* **To do**:
Print each line below verbatim, skipping every picture.

* **Supplied data**:
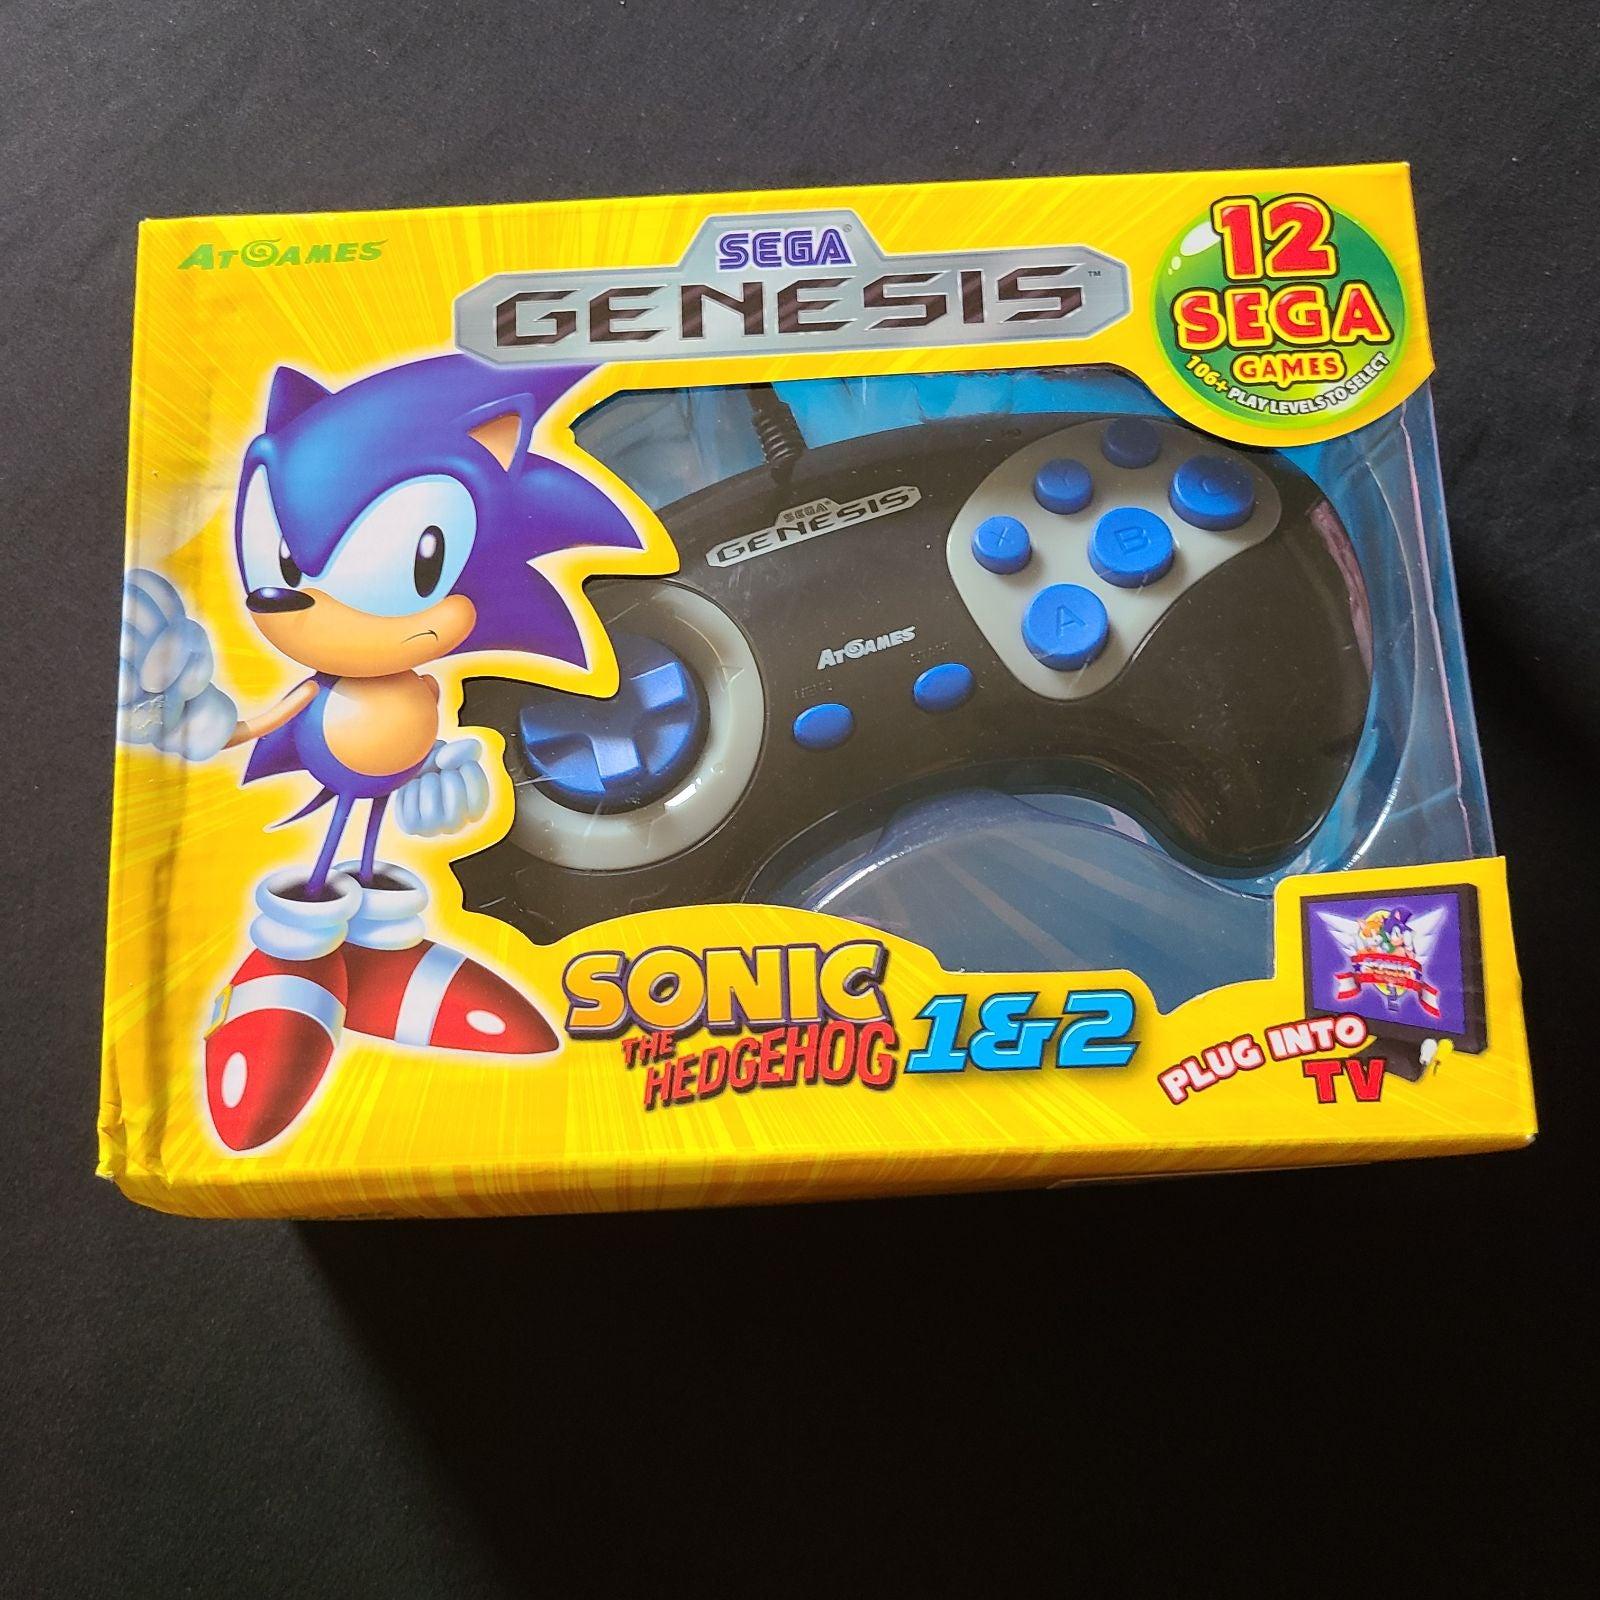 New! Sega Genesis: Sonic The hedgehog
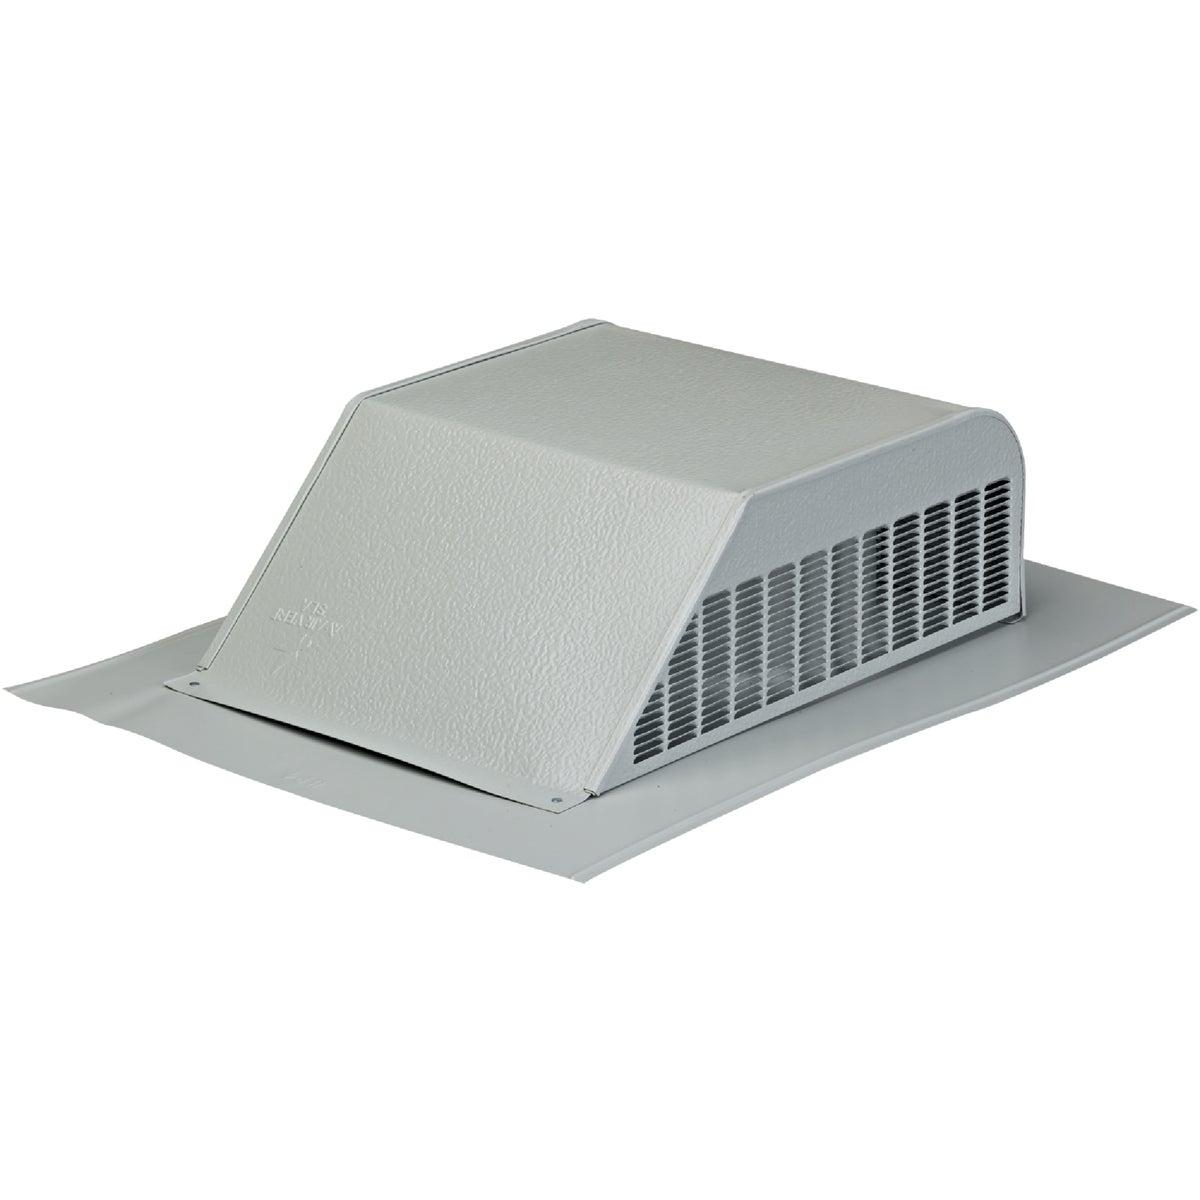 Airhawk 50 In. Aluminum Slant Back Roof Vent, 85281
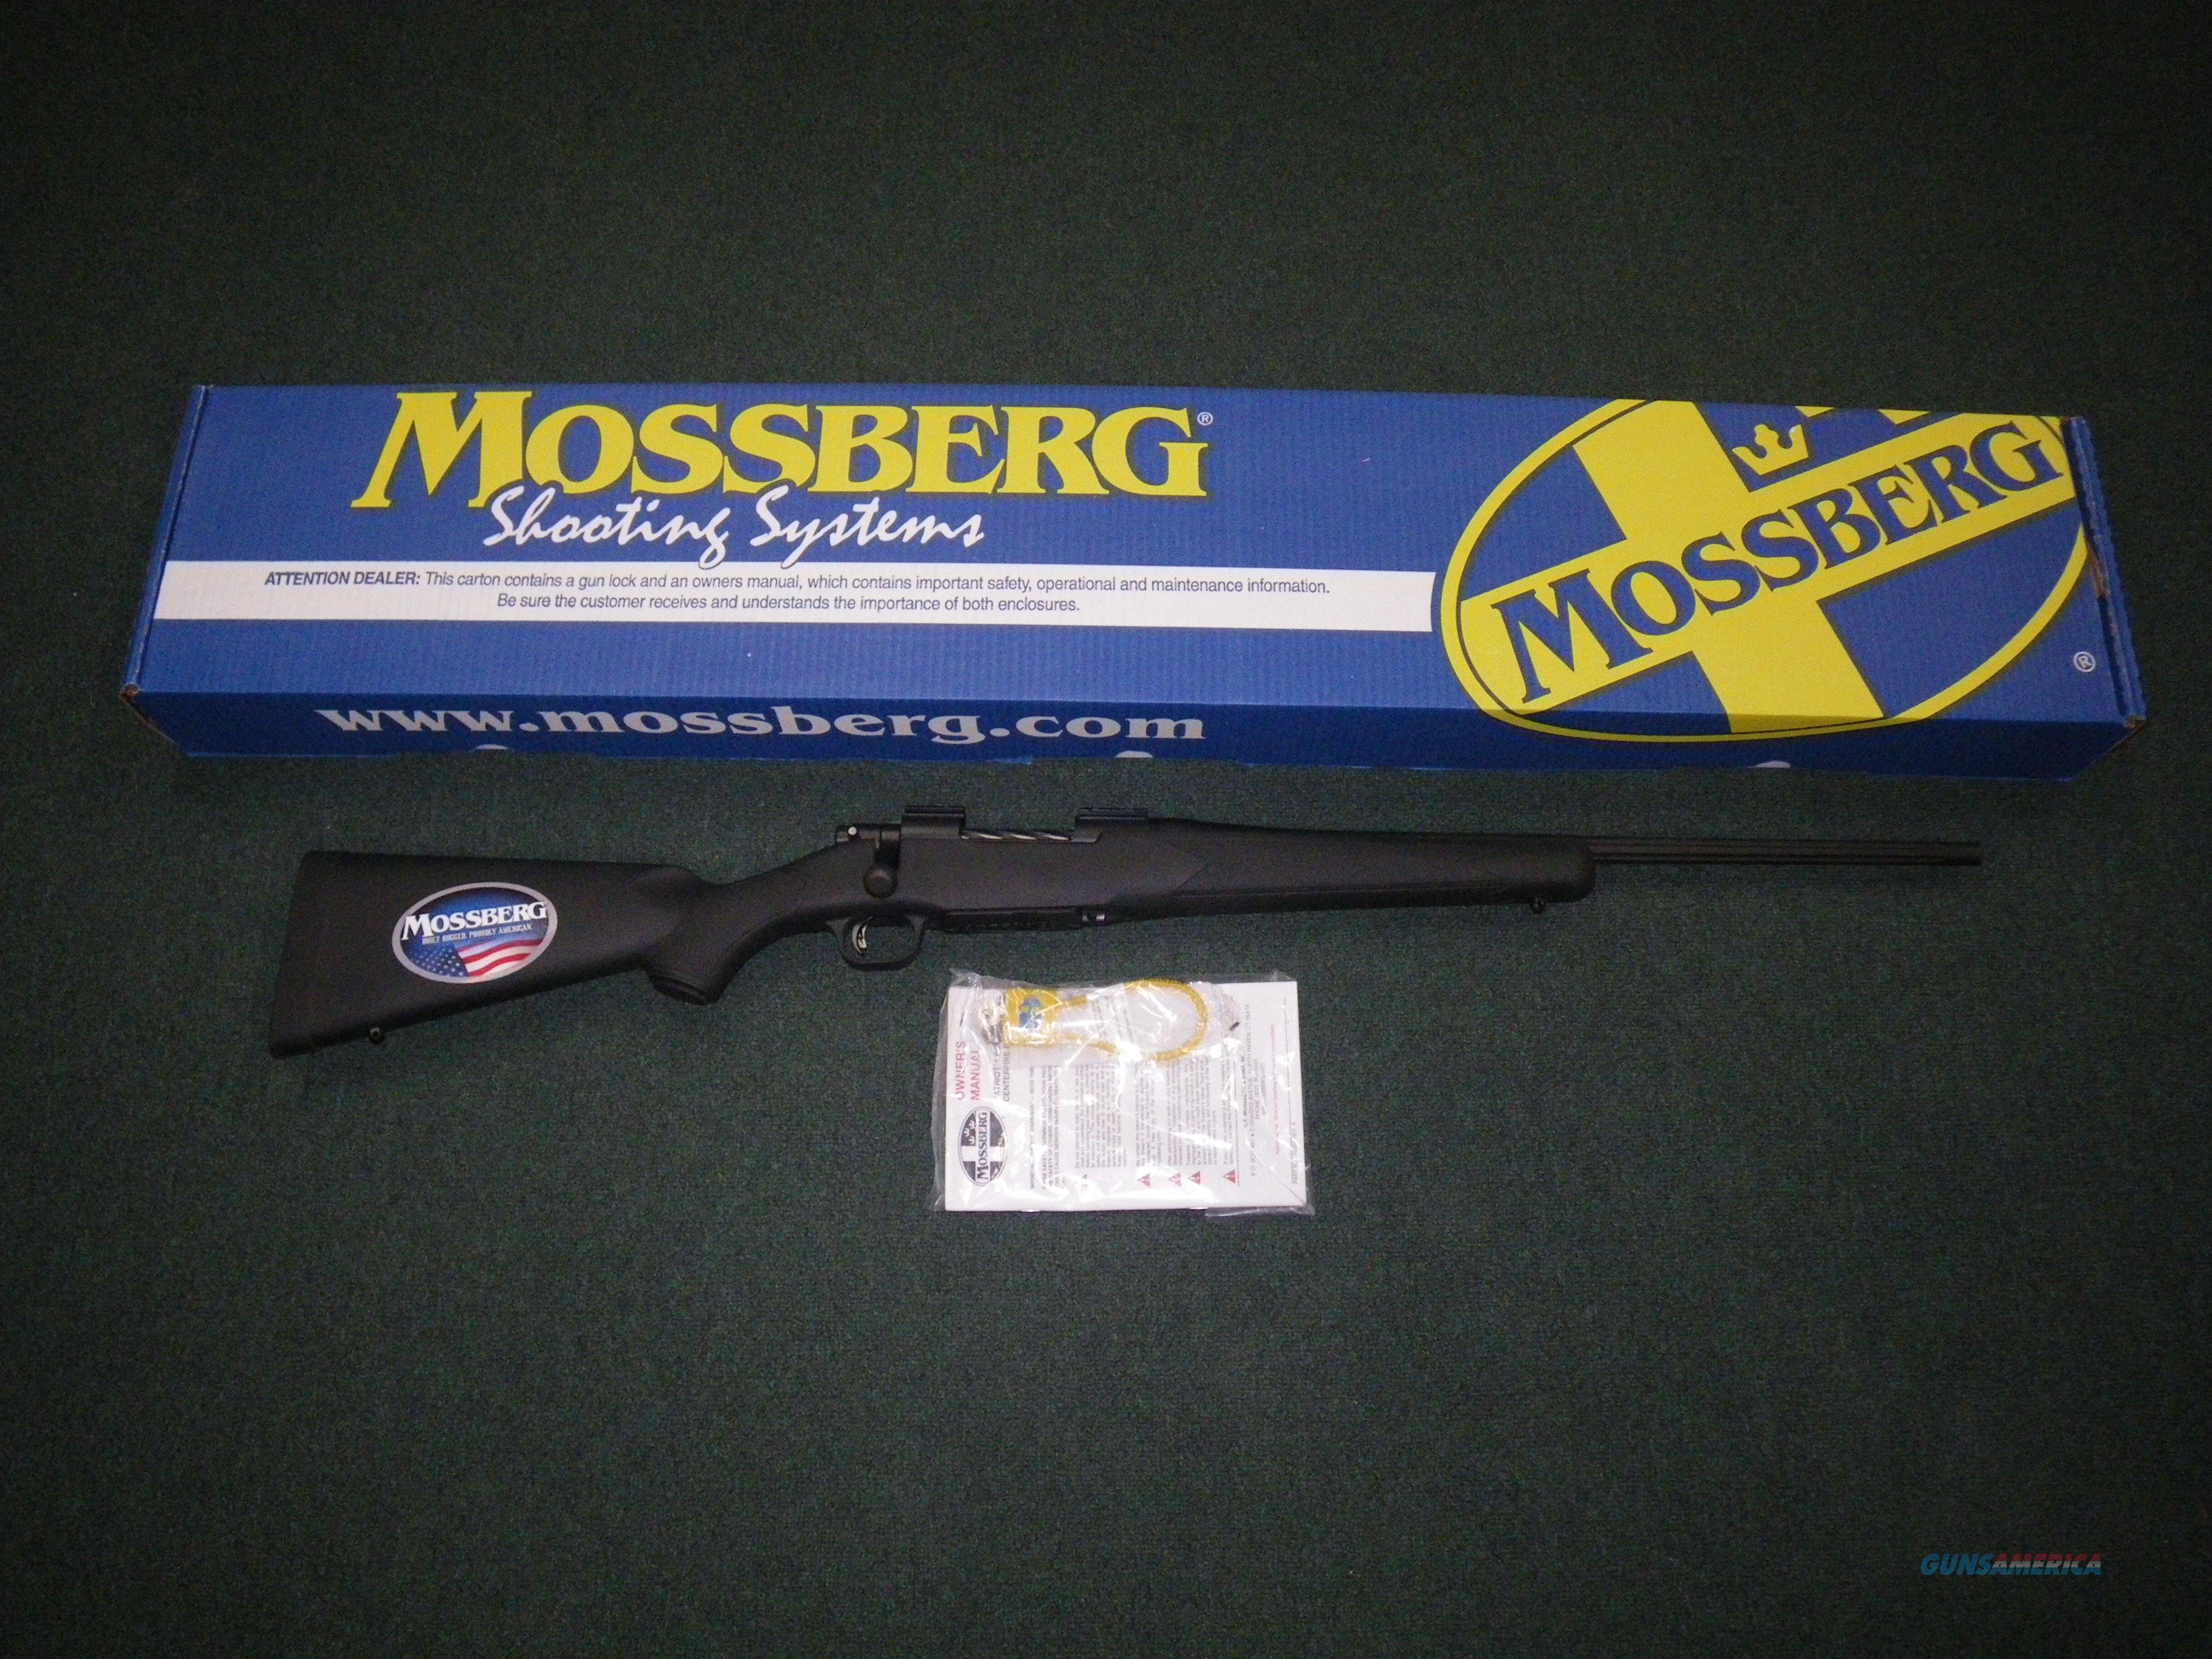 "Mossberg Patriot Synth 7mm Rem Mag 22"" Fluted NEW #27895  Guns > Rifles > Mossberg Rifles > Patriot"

* **Exercise response**:
 New! Sega Genesis: Sonic The hedgehog
 Airhawk 50 In. Aluminum Slant Back Roof Vent, 85281
 "Mossberg Patriot Synth 7mm Rem Mag 22"" Fluted NEW #27895  Guns > Rifles > Mossberg Rifles > Patriot"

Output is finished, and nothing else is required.